Former British athlete, now a commentator, James Cracknell, learned about this the hard way and shared it with Twitter.

What Daily Mail originally posted before they were called out on it
What the original photo looked like

Cracknell posted two photographs showing him with his elderly father: one published by the Daily Mail that appears photo-edited to show them sitting close to each other (considered dangerous behavior these days), and another, which he says is the original, where they are seen sitting “socially distant” and without any physical contact.

Some of the commenters still found Cracknell’s decision to spend time with his parents at all, after bringing them food, questionable, but most were angry at the state of the media and journalism in general.

Manipulation of one kind or another, especially with headlines and photos has been a part and parcel of the media world even before there was clickbait; but now, with outlets cash-strapped and struggling to compete, things are only getting worse.

An article published by Bored Panda shows just how easy and old-school it is to manipulate reality through photography even without any editing, particularly in view of the social distancing frenzy.

Two Danish photographers, Olafur Steinar Gestsson and Philip Davali, proved this by running an experiment: taking pictures of the same scene with several people in the shot, but using two different techniques: by a wide-angle, and a telephoto lens.
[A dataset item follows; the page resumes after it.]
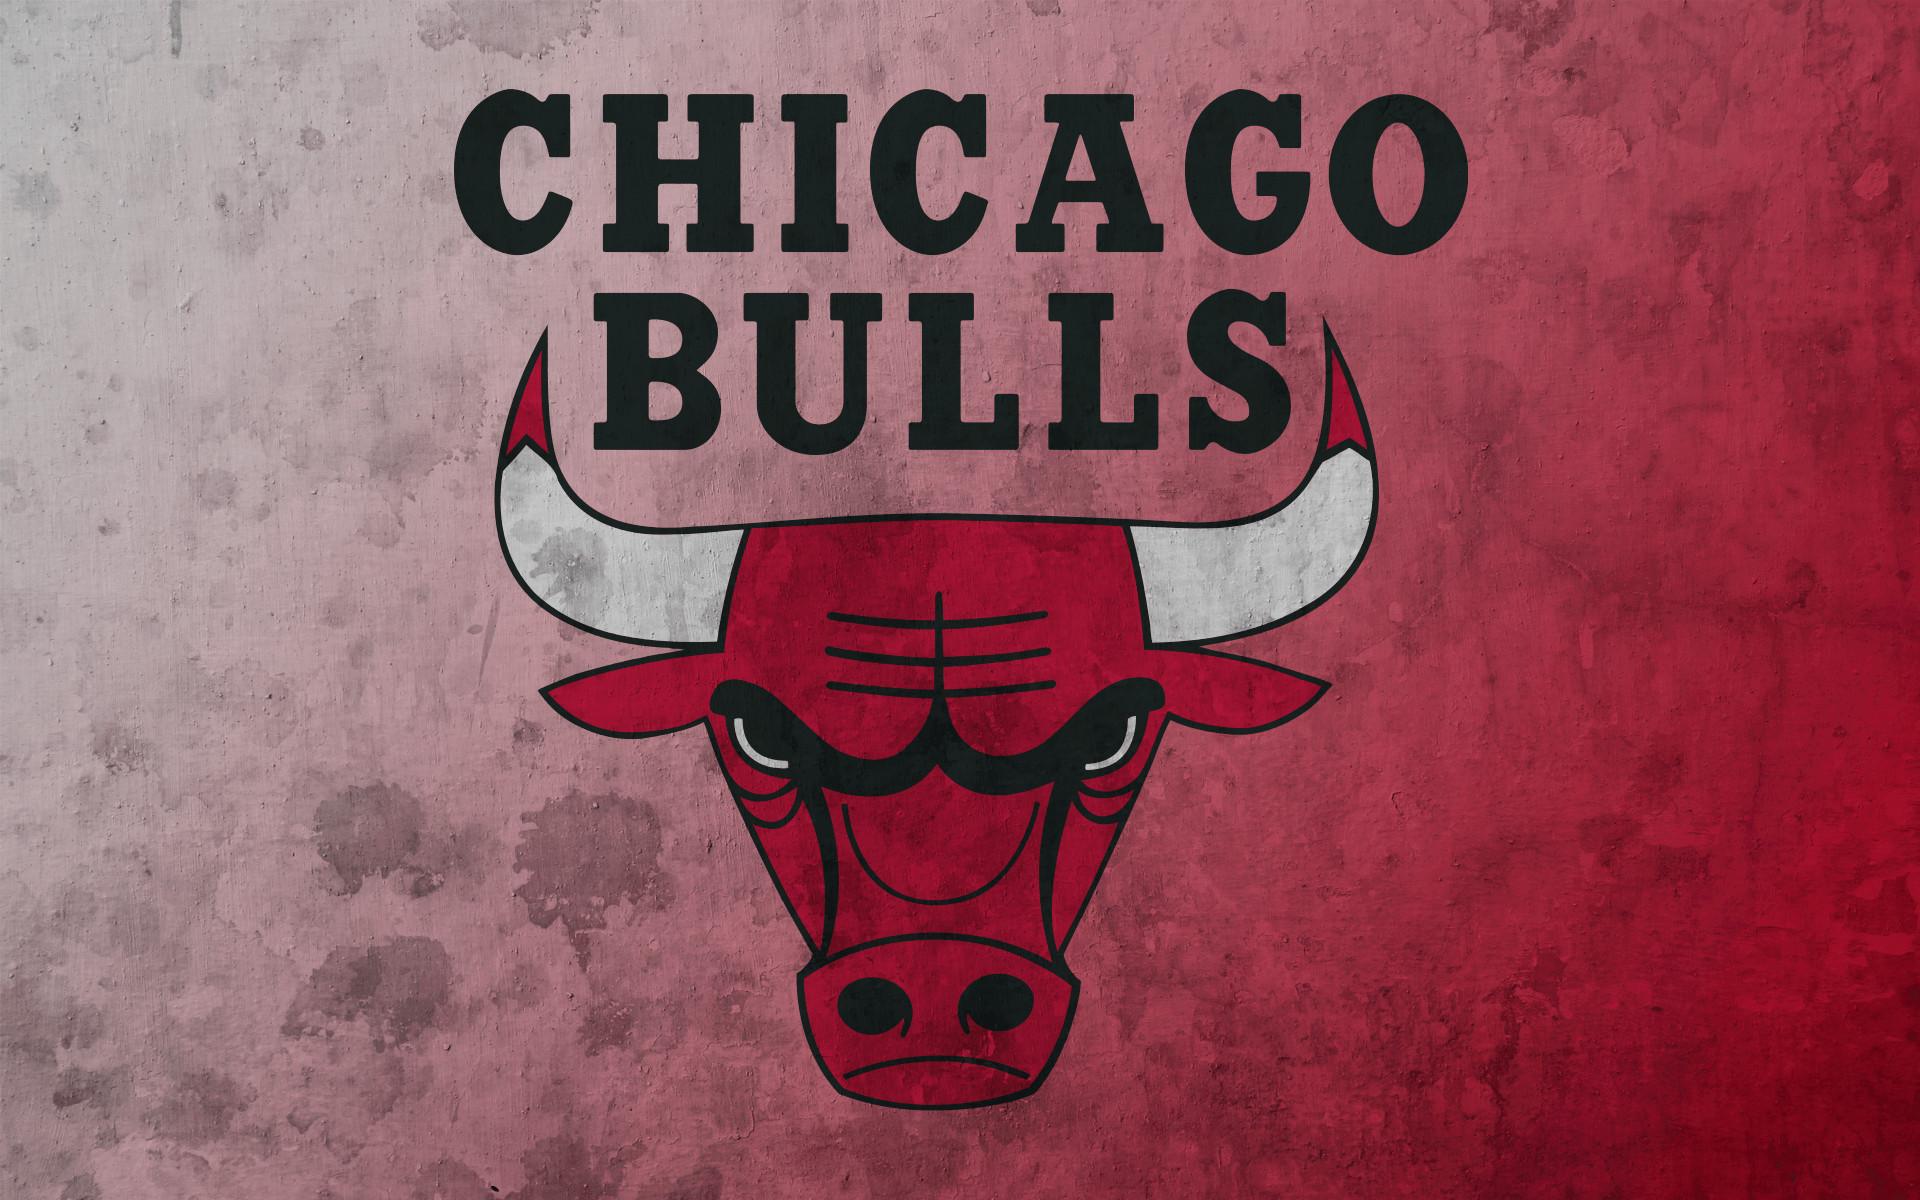 Chicago bulls logo wallpaper hd 72 images 1920x1080 logo wallpaper hd wallpapersafari chicago bulls t shirt wallpaper 1423427 voltagebd Gallery

And depending on the different angles and perspectives achieved by using these different lenses, the results of the same scene captured in these ways are two dramatically different photographs, showing people as either quite a bit apart, or very close together.

“As producers of photography, we have a responsibility to draw attention to the fact that images in some cases does not show the proximity of objects as people seem to believe,” said Kristian Djurhuus of the Ritzau Scanpix agency.